The US should talk to its enemies and frenemies
No foreigner ever accused an American of not talking enough. Talking incessantly is as American as a bacon-flavoured sundae. But when it comes to dealing with its foreign enemies, America has stopped talking, and this, ironically, may be the nation’s greatest national security vulnerability.
In recent times, there has been an impulse to hand over foreign policy to the military, but it’s the job of diplomats to end conflicts and solve the big strategic problems facing America. Vali Nasr, a former State Department advisor, recounts in his book, The Dispensable Nation, several meetings he co-chaired with fellow diplomat Richard Holbrooke and several Arab foreign ministers:
“Richard, of course, we will support you, we always have. But why do you want to get mixed up in another war? This will only help the terrorists,” warned Egyptian foreign minister Abu Graith. “It is much better you buy local warlords to keep al-Qaeda out of Afghanistan. Spend $20 billion and then just go home.”

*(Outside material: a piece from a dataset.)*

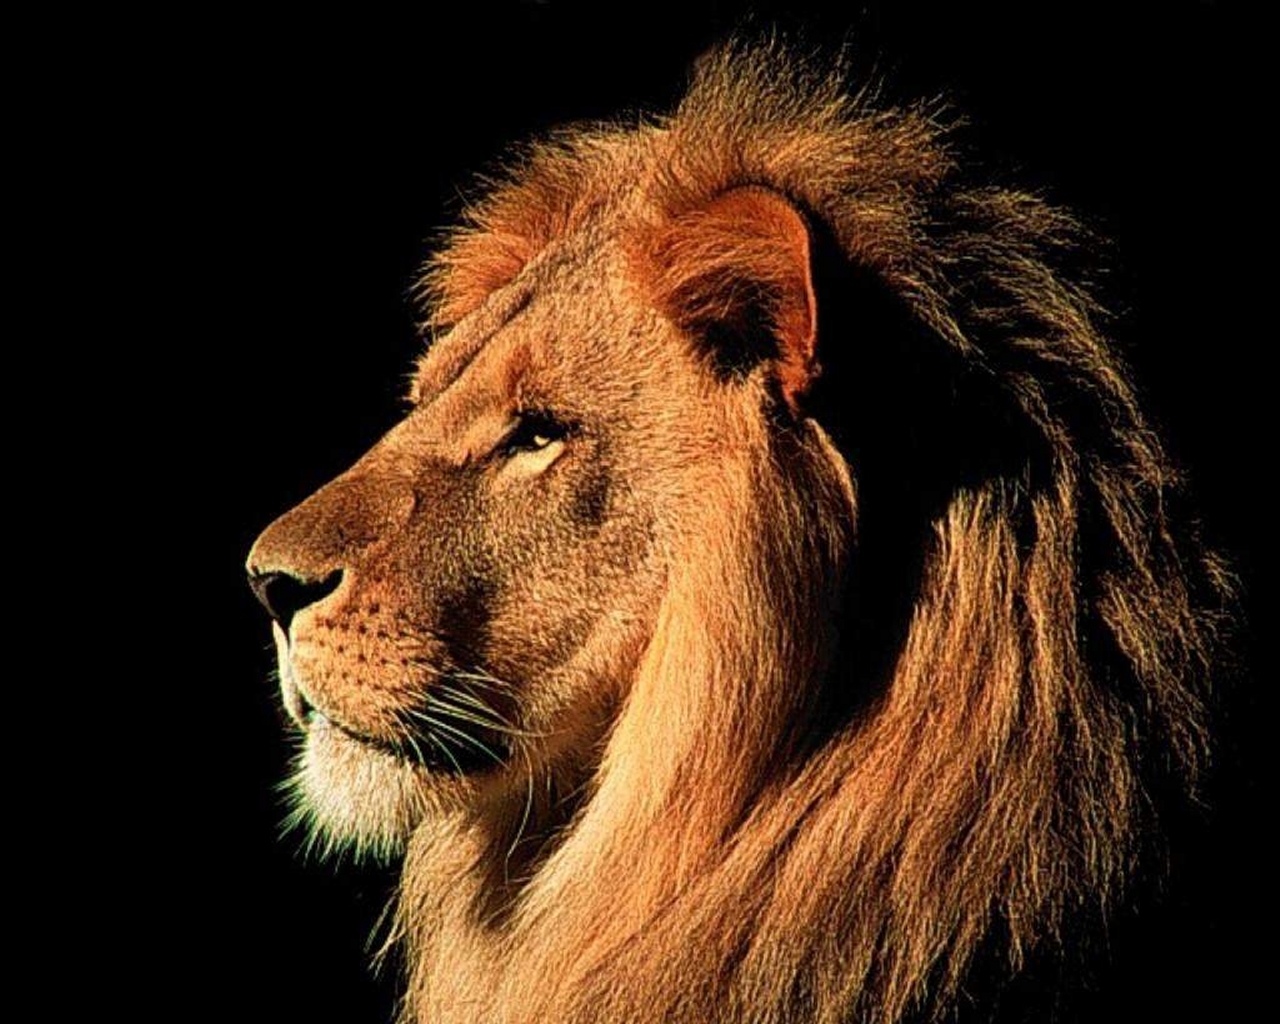 Lions Wallpaper

Another Arab foreign minister began with, “You can pay to end this war.” But just as he got up to leave, he said something even more salient: “You should talk to the Taliban, not fight them. That will also help you with Iran.”
During the 2008 Democratic Primary, then candidate Obama said, “America has to talk to its enemies.” Unfortunately, President Obama fell victim to the testosterone charged “talking is weakness” mythology. “Diplomacy was conspicuous by its absence in the 2009 White House strategy review. Diplomacy was then seen narrowly as a useful tool for getting governments around the world to contribute soldiers and money to the Afghan war. It was not a solution to a war, but its facilitator,” writes Nasr.
The Obama White House’s refusal to talk to the Taliban, especially when the US had leverage during the 2010 surge, poises Afghanistan to collapse into the hands of those who attacked America on 9/11 - the day after we leave in 2015. Talking meant finding a peace deal between the Karzai government and the Taliban that would end the insurgency and allow US troops to go home. “The military opposed the idea from the outset. The Pentagon thought that talking to the Taliban – and even talking about the Taliban – was a form of capitulation to terrorism,” writes Nasr.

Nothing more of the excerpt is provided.